What do you see when you walk into your reception area, walk around your site, offices or factory?
The trouble with familiarity is that we tend not to see things that are out of place or just plain wrong because we see them every day. It is hard work to see something familiar with fresh eyes.
In 1993 I spent a year in Japan as the local Managing Director for a tier one automotive component company. Everywhere I went around Tokyo or on visits to customers and suppliers around the country was a challenge. Sometimes just getting across the station and successfully getting to my destination was an achievement!
But it made me see things in a different light. In Japan there is a place for everything, and everything is in its place! I soon appreciated that 5S housekeeping discipline went well beyond the factory gate and that the exemplary standards of urban organisation and cleanliness were an integral part of Japanese society.
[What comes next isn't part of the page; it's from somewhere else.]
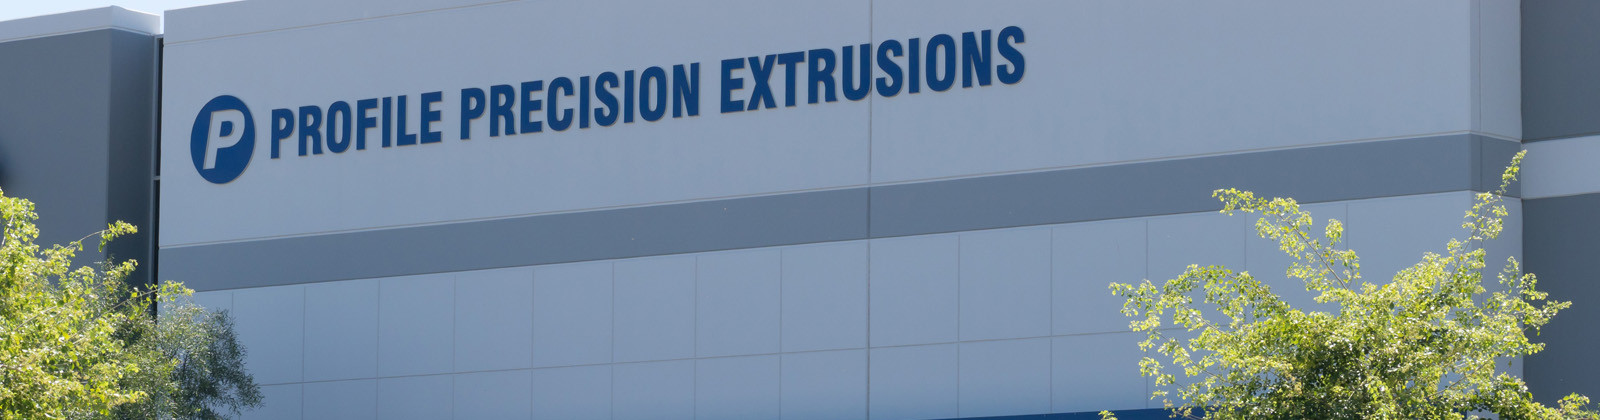 Profile Precision Extrusions Building

Returning to Europe I went to visit a “showcase” plant of my then new employer. As the car turned into the site I could see that the grass, hedges and landscaping around the site were neglected. In fact I wondered if they were growing a hay crop.
On entering the main building there was no reception area, I was in a long blank corridor with offices at one end and the factory at the other. There was no “welcome to XYZ Ltd, this is what we do” display.
In the factory I was awestruck by the ingenuity of the home developed factory automation. It was truly world class.
But paint flakes were peeling off the walls and ceiling. The impressive highly automated cells sat in a swamp of dust and grime. It was soon clear that basic housekeeping was a very low priority. The facility had order, flow and minimal WIP but I feared for the health of the employees, the quality of the product and what would happen if one of those paint flakes landed in the delicate mechanism of the automated cells.
My meeting with the plant manager was not an easy one. He wanted the automotive client I could bring to his facility. I knew that my prospective client would take one look at the housekeeping standards and take the next flight home.
To be fair to the Plant Manager he did “see” and when I returned a week later with the client, the grass was cut, a deep clean-up was in progress with a plan to lift the housekeeping standards and repaint. My client was as impressed as I had been by the local automation ingenuity, loved the new found enthusiasm of the plant management team to raise standards and, we won the contract!